Supplied records –

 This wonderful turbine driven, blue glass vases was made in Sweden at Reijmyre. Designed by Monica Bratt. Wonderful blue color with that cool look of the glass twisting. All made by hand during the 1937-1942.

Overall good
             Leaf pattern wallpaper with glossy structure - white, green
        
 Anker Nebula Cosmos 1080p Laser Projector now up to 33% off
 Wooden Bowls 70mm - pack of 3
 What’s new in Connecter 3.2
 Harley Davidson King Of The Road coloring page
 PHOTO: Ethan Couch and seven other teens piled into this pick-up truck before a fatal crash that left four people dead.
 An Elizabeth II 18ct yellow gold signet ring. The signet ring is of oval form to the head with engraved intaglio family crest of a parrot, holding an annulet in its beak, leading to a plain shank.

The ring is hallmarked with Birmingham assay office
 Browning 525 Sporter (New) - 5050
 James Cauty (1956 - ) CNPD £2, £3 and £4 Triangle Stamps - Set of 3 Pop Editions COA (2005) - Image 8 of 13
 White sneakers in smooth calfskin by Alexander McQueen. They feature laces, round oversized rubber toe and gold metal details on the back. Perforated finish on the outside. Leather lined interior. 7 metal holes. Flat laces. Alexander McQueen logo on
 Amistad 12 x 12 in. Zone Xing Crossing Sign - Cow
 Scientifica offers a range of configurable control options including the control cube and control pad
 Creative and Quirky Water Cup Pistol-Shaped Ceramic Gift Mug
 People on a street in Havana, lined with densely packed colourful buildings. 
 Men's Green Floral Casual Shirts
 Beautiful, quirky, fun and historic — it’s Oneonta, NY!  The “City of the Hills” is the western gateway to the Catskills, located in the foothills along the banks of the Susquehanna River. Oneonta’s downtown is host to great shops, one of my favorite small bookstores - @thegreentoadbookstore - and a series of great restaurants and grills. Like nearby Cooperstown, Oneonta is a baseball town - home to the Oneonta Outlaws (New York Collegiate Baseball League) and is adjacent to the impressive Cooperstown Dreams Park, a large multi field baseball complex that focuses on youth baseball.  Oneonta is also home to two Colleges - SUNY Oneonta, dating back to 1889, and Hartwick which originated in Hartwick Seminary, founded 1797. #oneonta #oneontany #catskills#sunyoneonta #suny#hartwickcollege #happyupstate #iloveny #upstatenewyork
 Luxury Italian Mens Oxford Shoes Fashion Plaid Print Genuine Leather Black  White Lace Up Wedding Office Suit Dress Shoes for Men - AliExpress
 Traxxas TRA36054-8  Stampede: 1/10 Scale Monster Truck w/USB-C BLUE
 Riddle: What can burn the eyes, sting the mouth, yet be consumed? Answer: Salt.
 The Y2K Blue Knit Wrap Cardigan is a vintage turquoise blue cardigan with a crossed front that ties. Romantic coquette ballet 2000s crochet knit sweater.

Task prompt – Nothing but the lines from the start of the data through the line holding "Harley Davidson King" should be restated, and each one exactly.

Response to this task –
 This wonderful turbine driven, blue glass vases was made in Sweden at Reijmyre. Designed by Monica Bratt. Wonderful blue color with that cool look of the glass twisting. All made by hand during the 1937-1942.

Overall good
             Leaf pattern wallpaper with glossy structure - white, green
        
 Anker Nebula Cosmos 1080p Laser Projector now up to 33% off
 Wooden Bowls 70mm - pack of 3
 What’s new in Connecter 3.2
 Harley Davidson King Of The Road coloring page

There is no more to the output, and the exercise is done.